DeRousse v. Higginson

Decision Date17 January 1973
Docket NumberNo. 10720,10720
Citation505 P.2d 321,95 Idaho 173
PartiesC. V. DeROUSSE, Plaintiff-Respondent, v. R. Keith HIGGINSON, as State Reclamation Engineer and Daniel R. Musselman as Water Master for Water District 12-A Defendants-Appellants.
CourtIdaho Supreme Court

W. Anthony Park, Atty. Gen., Phillip M. Barber, Asst. Atty. Gen., Boise, for defendants-appellants.

Barry L. Marcus, Marcus & Marcus, Boise, for plaintiff-respondent.

John A. Rosholt, Parry, Robertson, Daly & Larson, Twin Falls, amicus curiae.

BAKES, Justice.

This entire controversy revolves around a construction and interpretation of §§ 42-605 and 42-607, Idaho Code, as amended, which grant to the watermaster of a water district certain powers and duties in connection with the distribution of waters from public streams in his district. The factual background is undisputed as shown by the affidavits filed with the court in connection with the plaintiff-respondent's motion for summary judgment which was granted by the trial court. This appeal is taken by the defendants-appellants from that order granting the motion for summary judgment.

The plaintiff-respondent, C. V. DeRousse, claims a water right by constitutional appropriation under Section 3 of Article 15 of the Idaho Constitution in the waters of Thorne Creek. Water district 12-A encompasses Thorne Creek which is a tributary of Mores Creek which in turn is a tributary of the Boise River. There have been prior water decrees adjudicating water rights on these waters of which the primary one is commonly known as the 'Stewart Decree,' Farmers Cooperative Co. v. Riverside Irrigation District, et al., Seventh Judicial District, Canyon County, filed January 20, 1906. Neither party contends that the plaintiff is precluded from asserting his water right by reason of the decree as apparently neither the plaintiff nor his predecessors were made parties to the action.

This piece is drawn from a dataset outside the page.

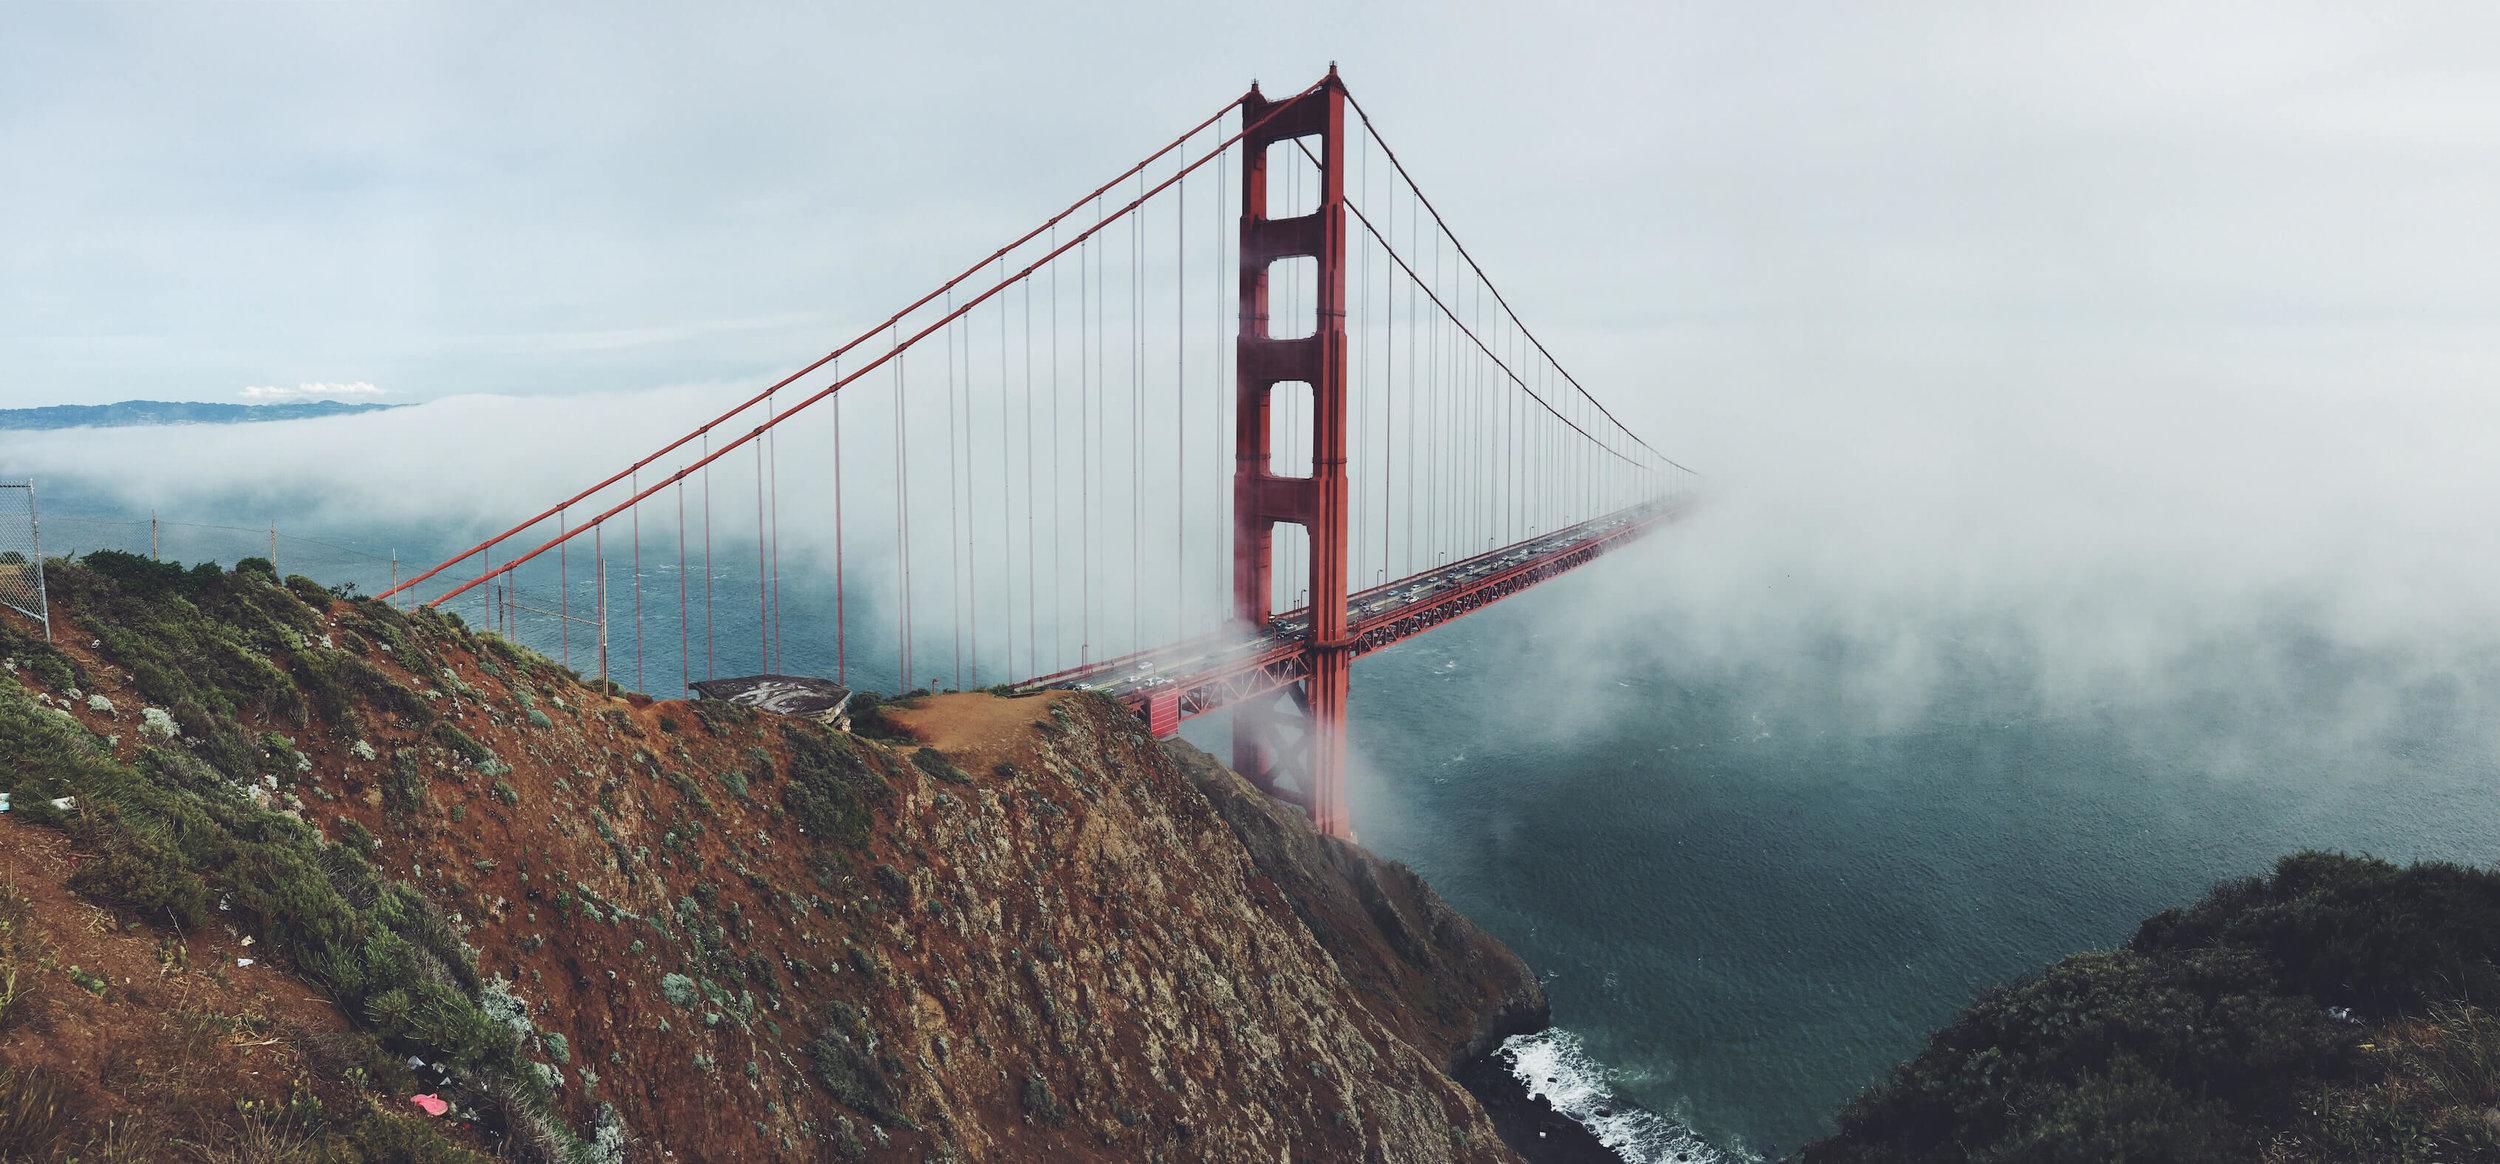 A short trip to San Francisco...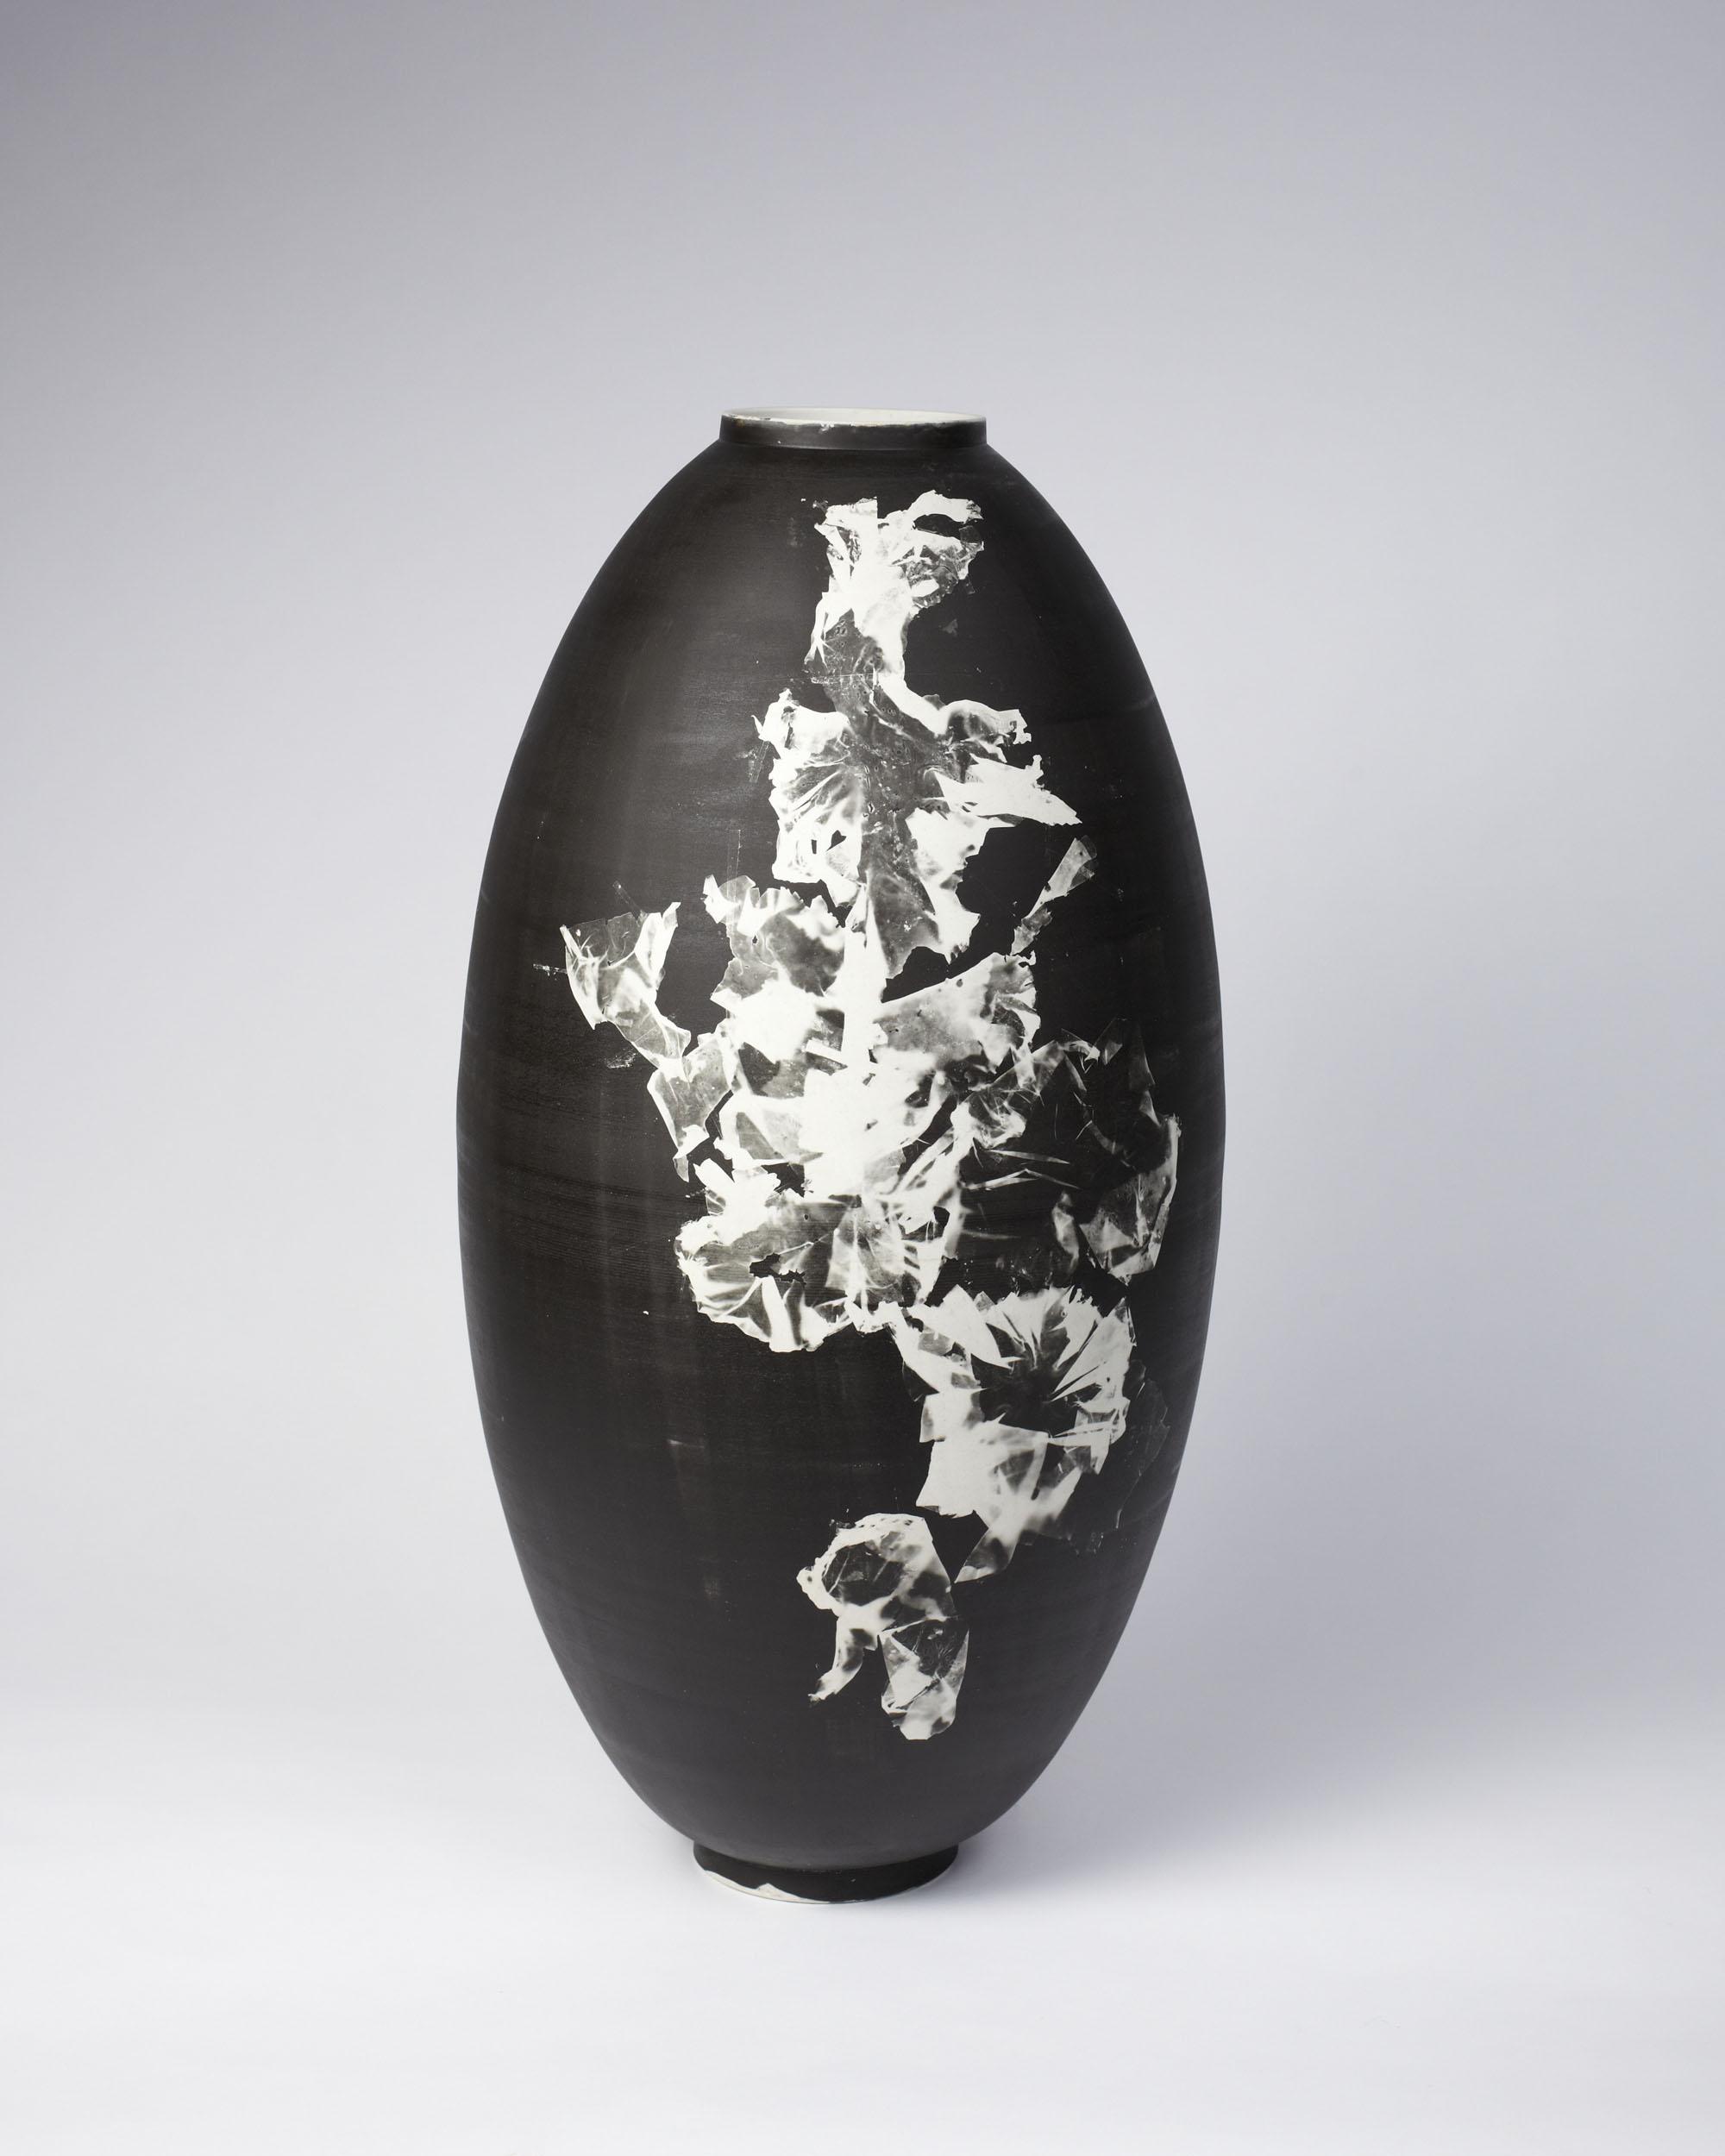 A tall Silverware vase with sea lettuce silver gelatin photogram

In the summer of 1968 the defendants determined that there was a scarcity of water in the Boise River to the extent that it was insufficient to satisfy the rights of persons having adjudicated rights under the 'Stewart Decree' so that the defendants shut off plaintiff's diversion of water from Thorne Creek and gave him written notice to the effect that any interference with this action could lead to criminal prosecution. In taking such action, the defendants were acting under § 42-607, Idaho Code, as it then existed, to wit:

'Distribution of water.-It shall be the duty of said watermaster to distribute the waters of the public stream, streams or water supply, comprising his water district, among the several ditches taking water therefrom according to the prior rights of each respectively, in whole or in part, and to shut and fasten, or cause to be shut or fastened, under the direction of the department of reclamation, the headgates of the ditches heading from such stream, streams or water supply when in times of scarcity of water it is necessary so to do in order to supply the prior rights of others in such stream, or water supply: provided, that any person or corporation claiming the right to the use of the waters of the stream or water supply comprising a water district, but not owning or having the use of an adjudicated right therein, shall, for the purposes of distribution, during the scarcity of water, be held to have a right subsequent to the adjudicated rights in such stream or water supply, and the watermaster shall close all headgates of ditches having no adjudicated right if necessary to supply adjudicated rights in such stream or water supply, provided that any water right, the priority of which has been decreed, shall be deemed to be adjudicated within the meaning of this section.' (Emphasis added).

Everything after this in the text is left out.